The foundation is hosting the meeting, which brings together experts
and advocates on adolescent health from more than two dozen
countries to review progress in implementing the Cairo Programme of
Action with respect to adolescent reproductive and sexual
health.
"The biggest obstacle facing adolescents exercising
their right to reproductive health may lie not in resources or
delivery systems; nor infrastructures, but in the minds of other
people," Dr. Sadik told the group.
She pointed out that many
members of the world's largest-ever generation of youth--some 1.2
billion people--are marrying later and starting sexual activity
earlier, often without the knowledge or services to prevent unwanted
pregnancy or sexually transmitted diseases. Adolescent women account
for an estimated 4.4 million abortions each year. In some countries,
girls still marry at an early age and face health risks from early
pregnancy; their reproductive health needs also are not being met.

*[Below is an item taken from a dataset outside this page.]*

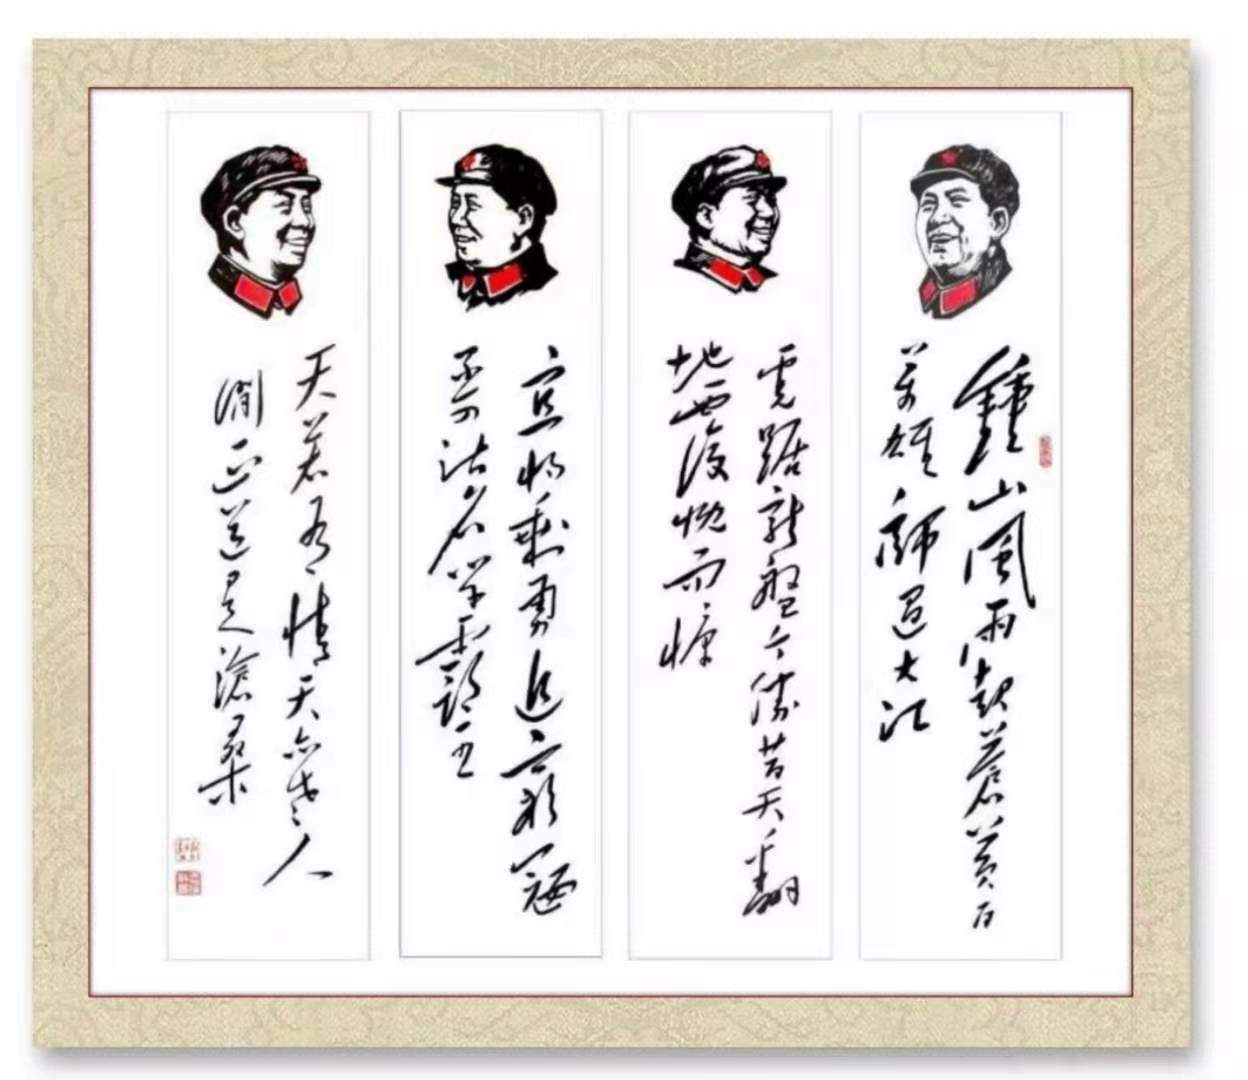 吴景海：文化志愿双创建党一百周年重点推介国礼艺术家

The ICPD explicitly addressed these issues for the first
time, Dr. Sadik noted, and "extended the concept of the right to
reproductive health to cover sexual education, information and
services to adolescents." But the topic "continues to be, one of the
most contentious and difficult areas in which to work," she added,
and many "myths and misunderstandings were not totally
dispelled."
Controversy continues regarding parental
responsibilities, and whether to provide reproductive health
information and services to young people. Parents are often
unwilling to admit their own children may be sexually active.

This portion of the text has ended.